_DATASET CONTENT_.
= = = = =
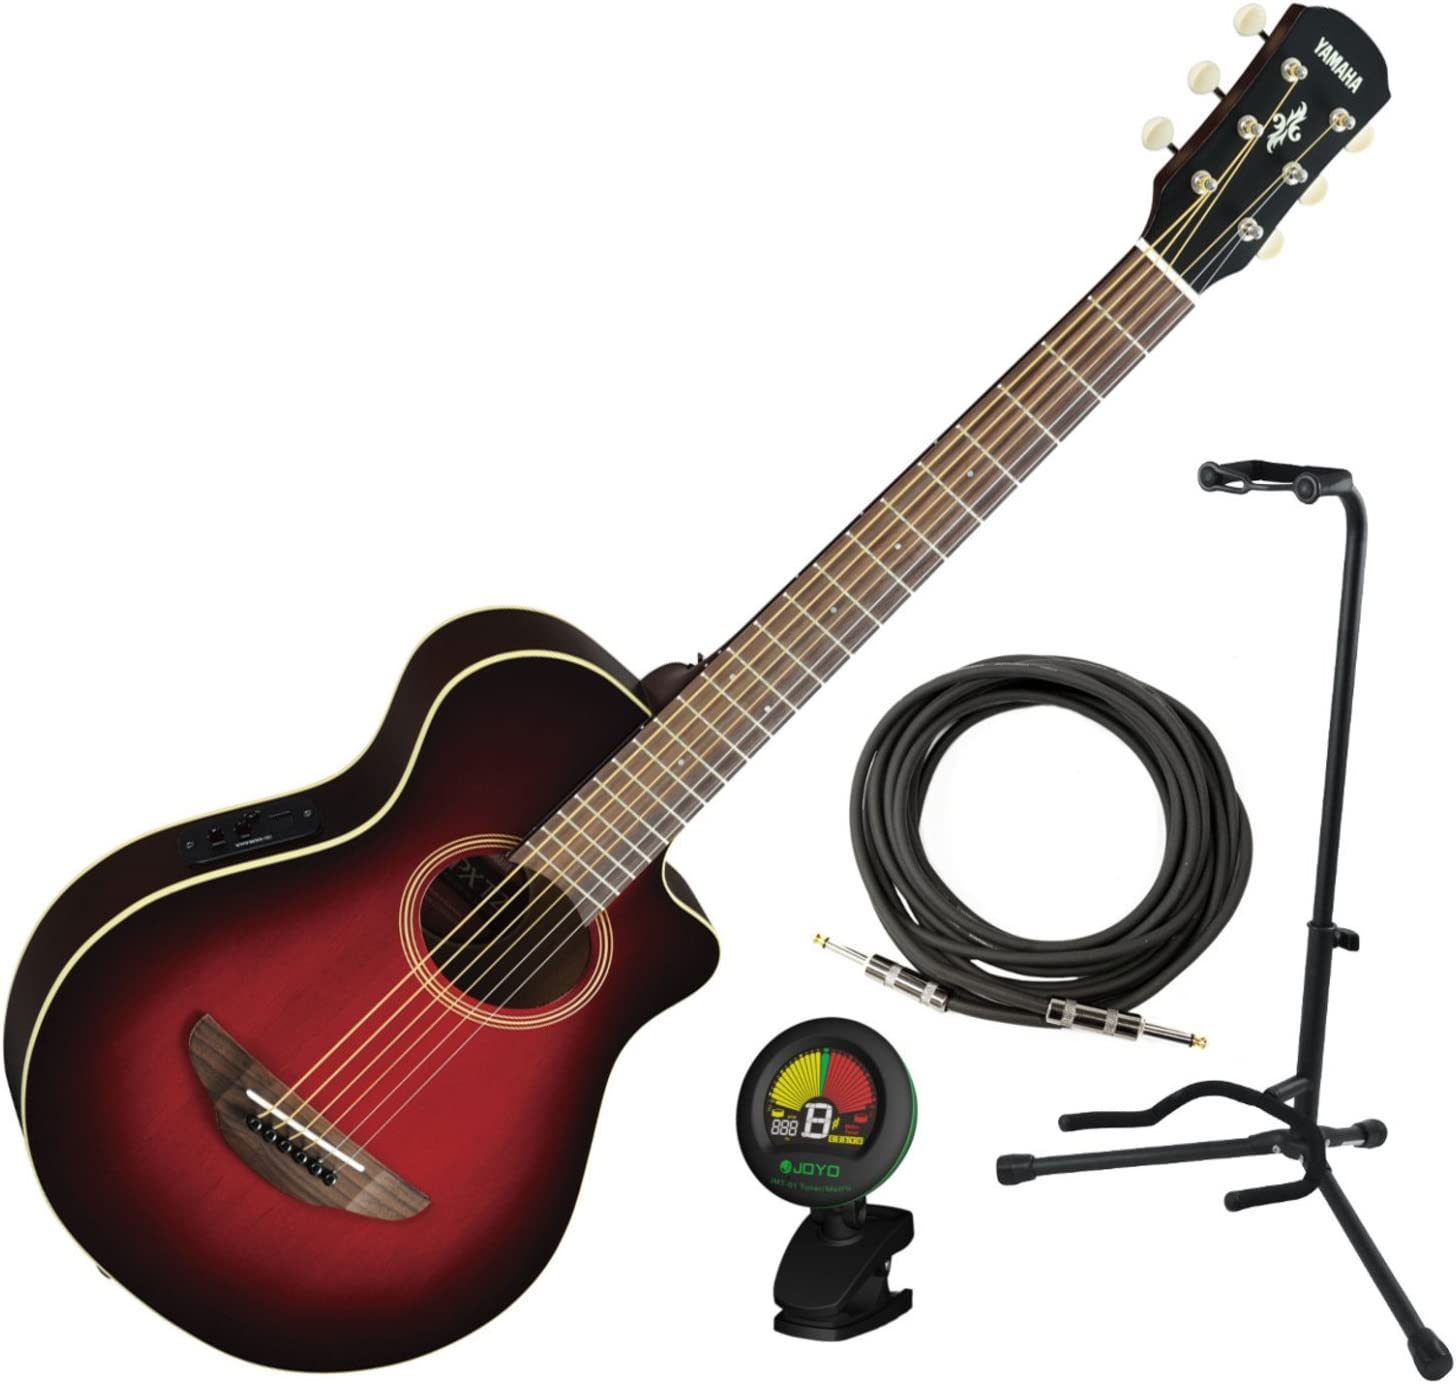 Yamaha APXT2 Guitarra eléctrica DRB 3/4 acústica escala rojo ...
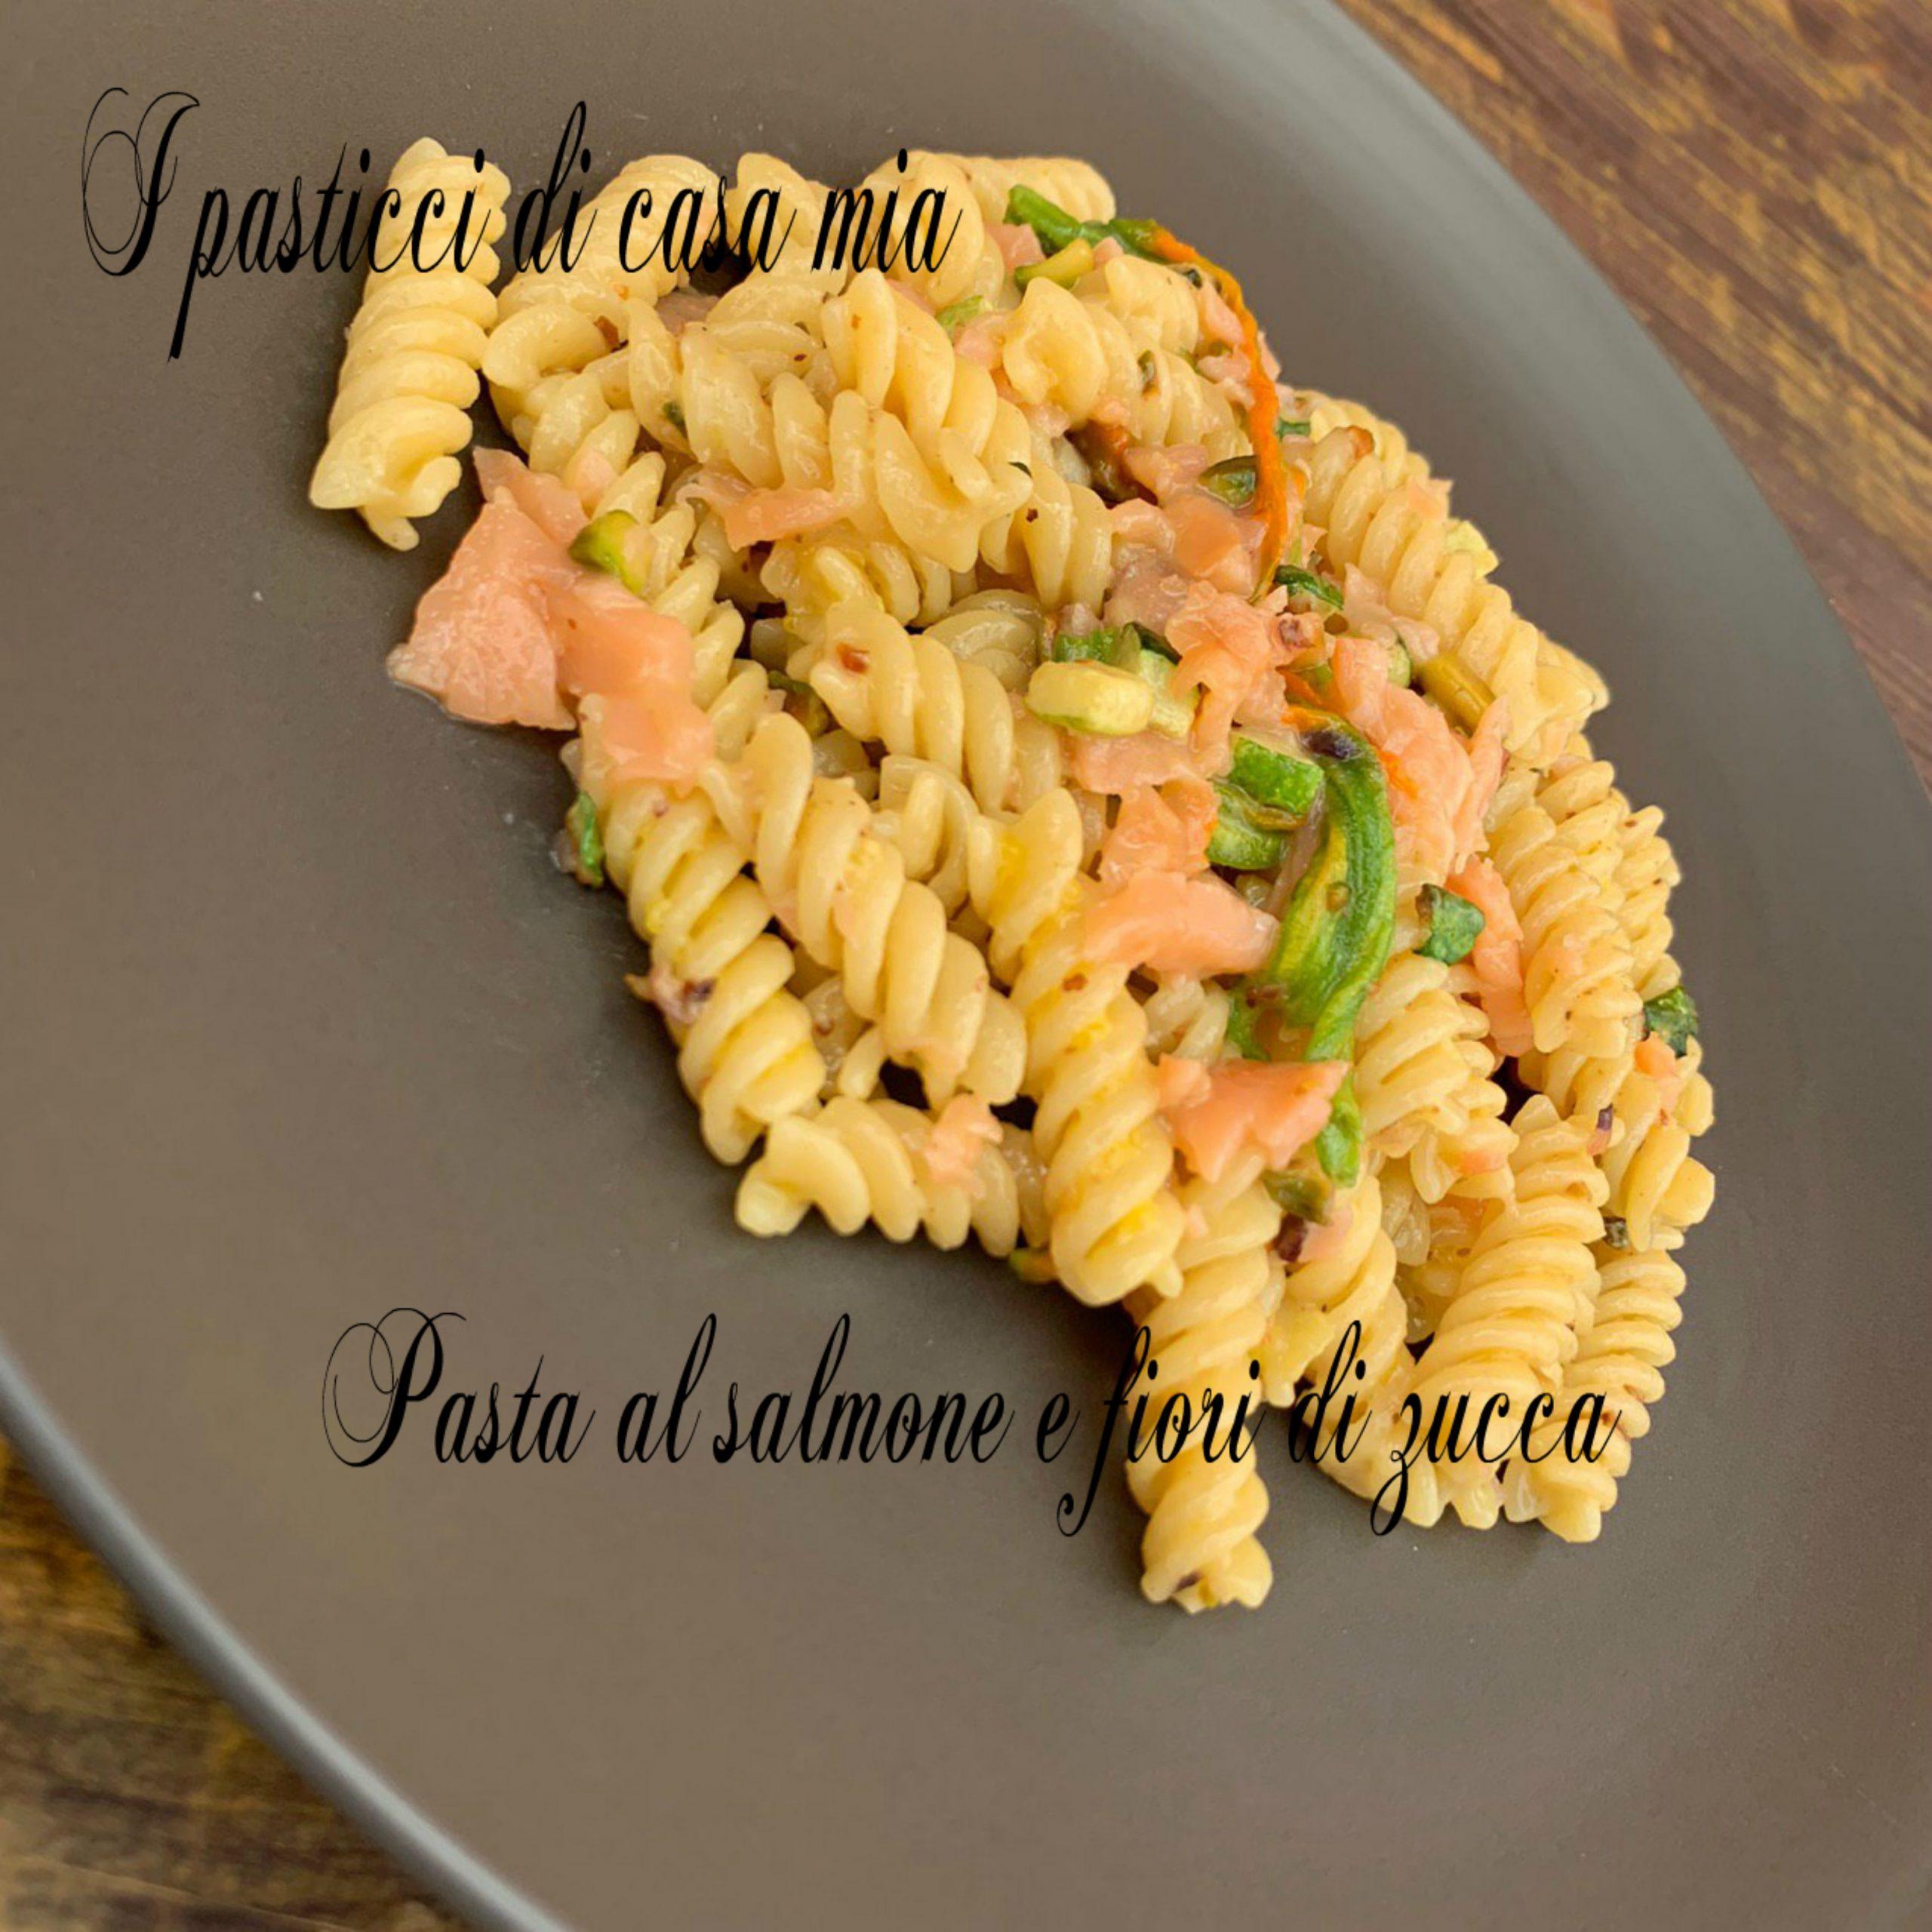 Pasta al salmone e fiori di zucca
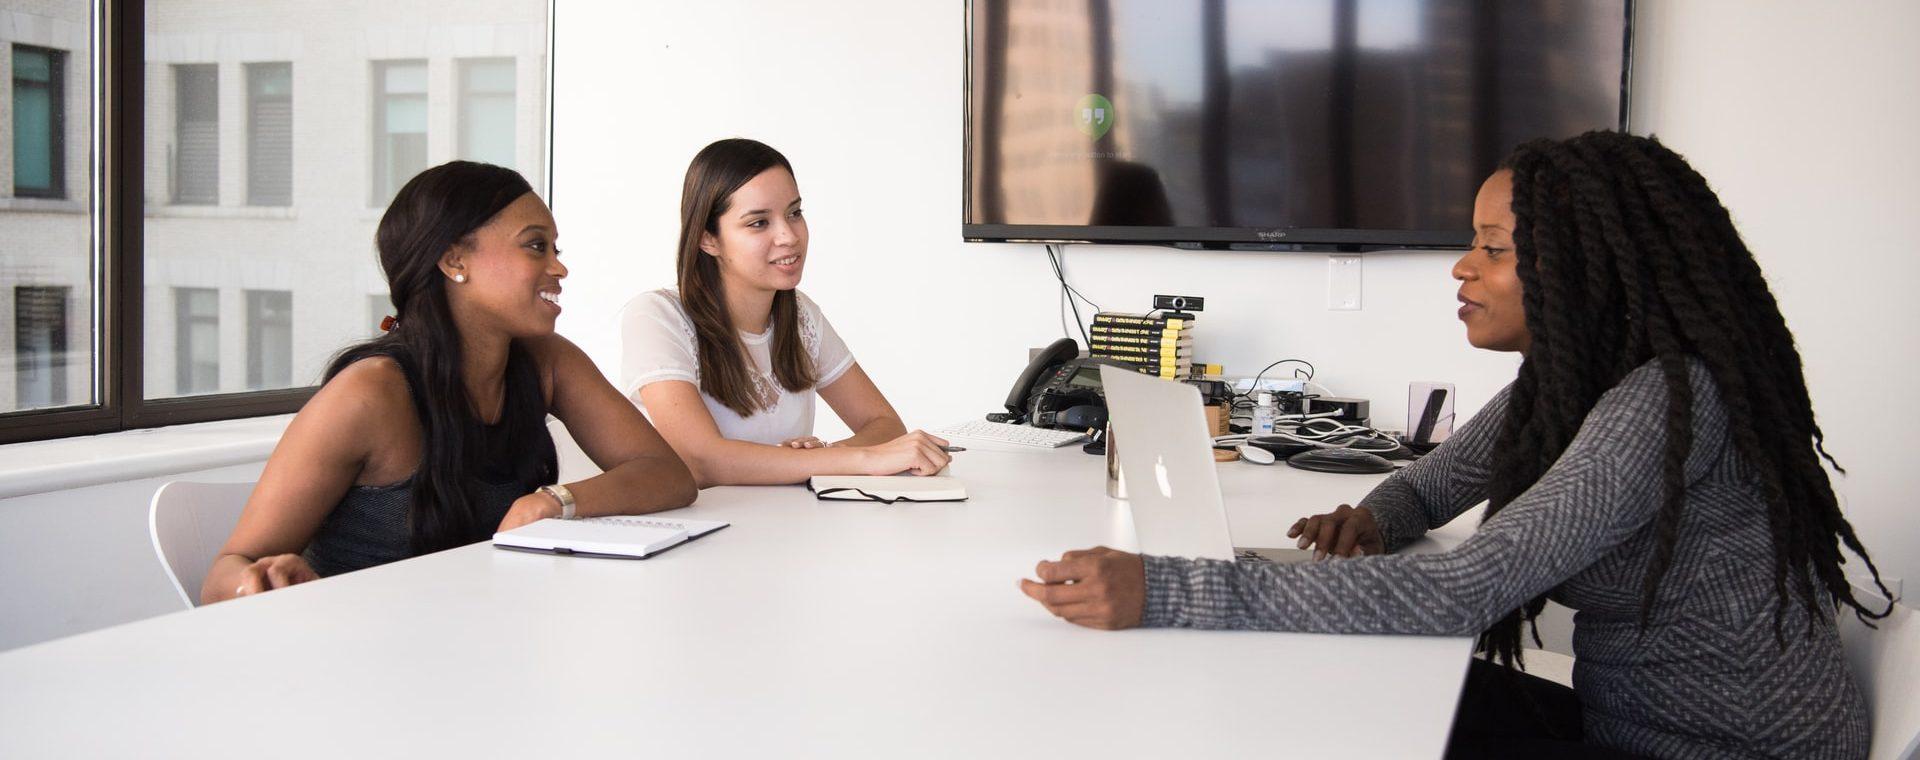 Wat zijn je positieve eigenschappen sollicitatiegesprek
= = = = =
_WORK INSTRUCTION_.
Give the data again exactly, without pictures.

_PROBLEM SOLUTION_.
 Yamaha APXT2 Guitarra eléctrica DRB 3/4 acústica escala rojo ...
 Pasta al salmone e fiori di zucca
 Wat zijn je positieve eigenschappen sollicitatiegesprek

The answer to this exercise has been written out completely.